Sunday, December 24, 2006

December 24, 2006: Happy Holidays to You From the Bahamas!

The announcement that I spend Christmas in the Bahamas is generally followed by a cavalcade of folks hatin' on a sistah. Yes, as I look out the window, I see palm trees swaying in a gentle breeze. I've traded in my winter coat for a deliciously brief --but not obscene -- sundress. Last night, I got re-acquainted with my friends Bacardi Anejo and Coke at a house party. So, on the surface, it seems like I've got it made in the shade.

However, I tell folks please, don't envy me. The holidays are the holidays. And you know what I mean. Small wonder that more Swedes tend to kill themselves during the holidays than at any other time throughout the year. Just one of those useless factoids you learn in college. Just how you go home to your folks and get grilled, trust me, the same thing happens to me. Only it's warmer here. My relatives still expect me to bring home "a nice boy" and give me "The Face" when I arrive empty-handed. I keep getting asked, "So Wendy, is this 'The Year.'" I know they don't mean The Year of Living Dangerously. Instinctively, I know they're asking if the new year is the year that I'd actually settle down. I'm getting it especially now that I turn forty in three days. Aunts tend to say, "Gyal, don't eat too much peas and rice. Man don't like woman who too fat." My mother tends to supervise the installation ofanything electronic that I bring home, not letting the fact that she is the least technical person on the planet to get in the way.

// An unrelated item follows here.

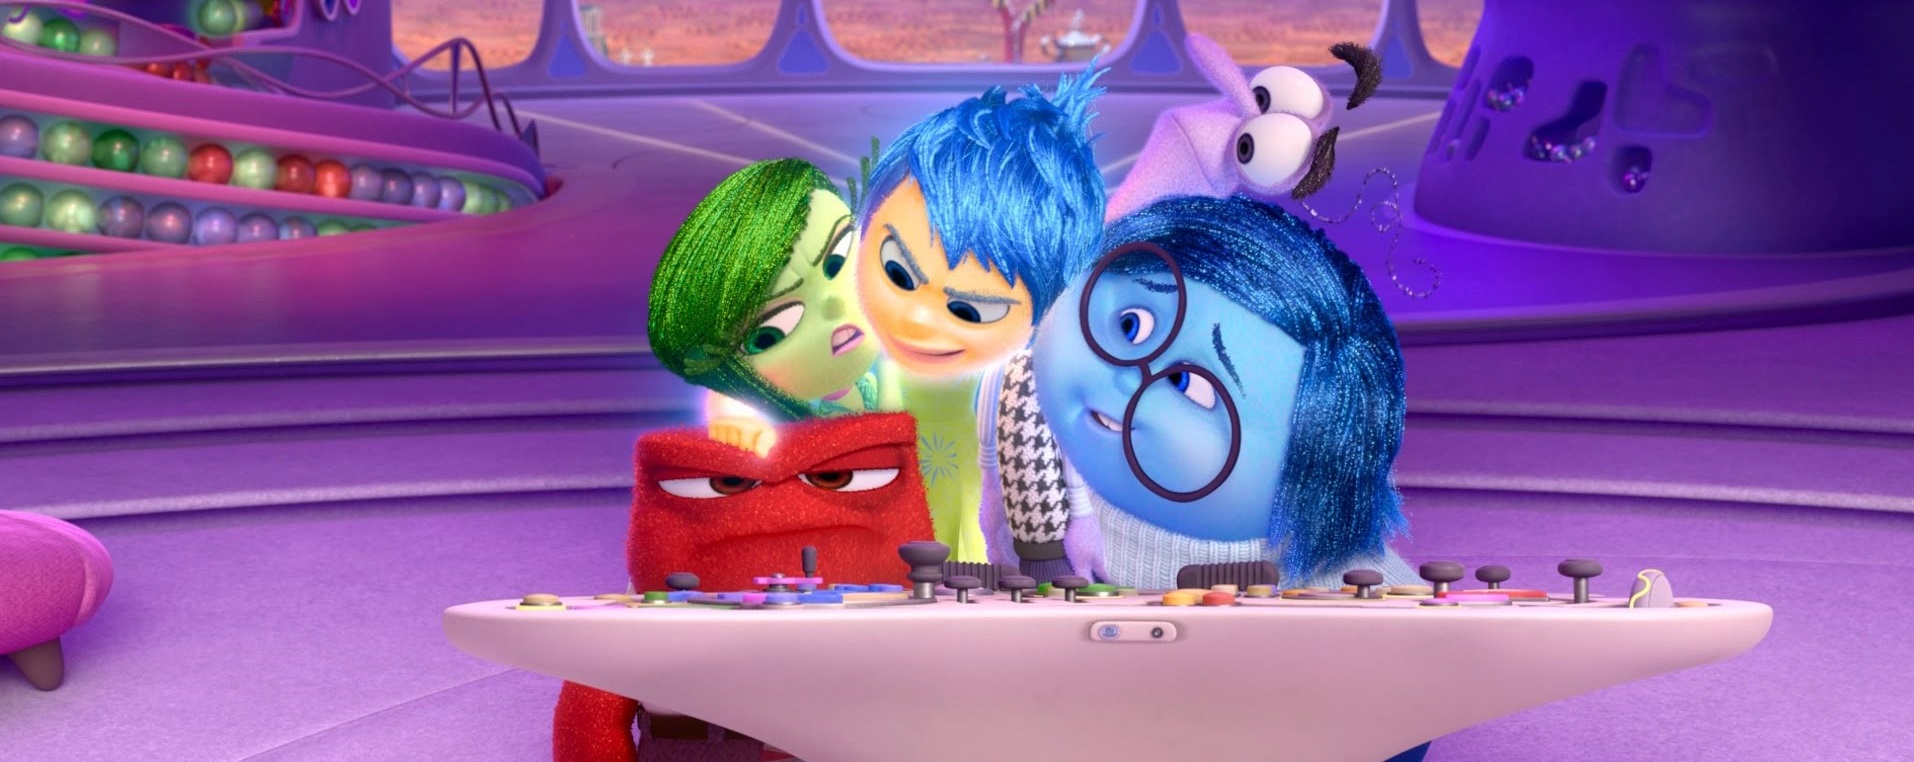 inside out - film 201 i migliori film pills of movies

I say this to say that "The Family Coakley"and "The Family Thompson" is more or no less dysfunctional than The Family Stone, one of my recent favorite Christmas movies. The older I get, the more I come to love and appreciate my family's quirks and well-meaning comments. Because the truth of the matter is, I am unmarried. I do weigh more than I would like to. Invariably (as much as I hate to admit it sometimes), I do get something valuable out of my mother's seemingly endless critiques. And I'm sure if I died in the house, someone in my large-ass family would find me and mourn me. I don't really get that in America. America can be very big and sometimes rather impersonal for a single Black female.

So, as you guys make your way home for the holidays, believe me when I say that I know that, geography aside, your relatives are going to tax your patience. They're going to make you want to reach for that extra glass of hooch. But think, as I am now, of my friend Catherine, who lives in Denver, was in D.C. visiting, and, because of the blizzard, was only able to make it home yesterday. And love your family. Appreciate them. Because they're probably the only people with whom you can be your true, unguarded selves ... whether you want to be or not!

Merry Christmas. Happy Hanakkuh. Happy Kwanzaa. What ever you celebrate. Much love to you all.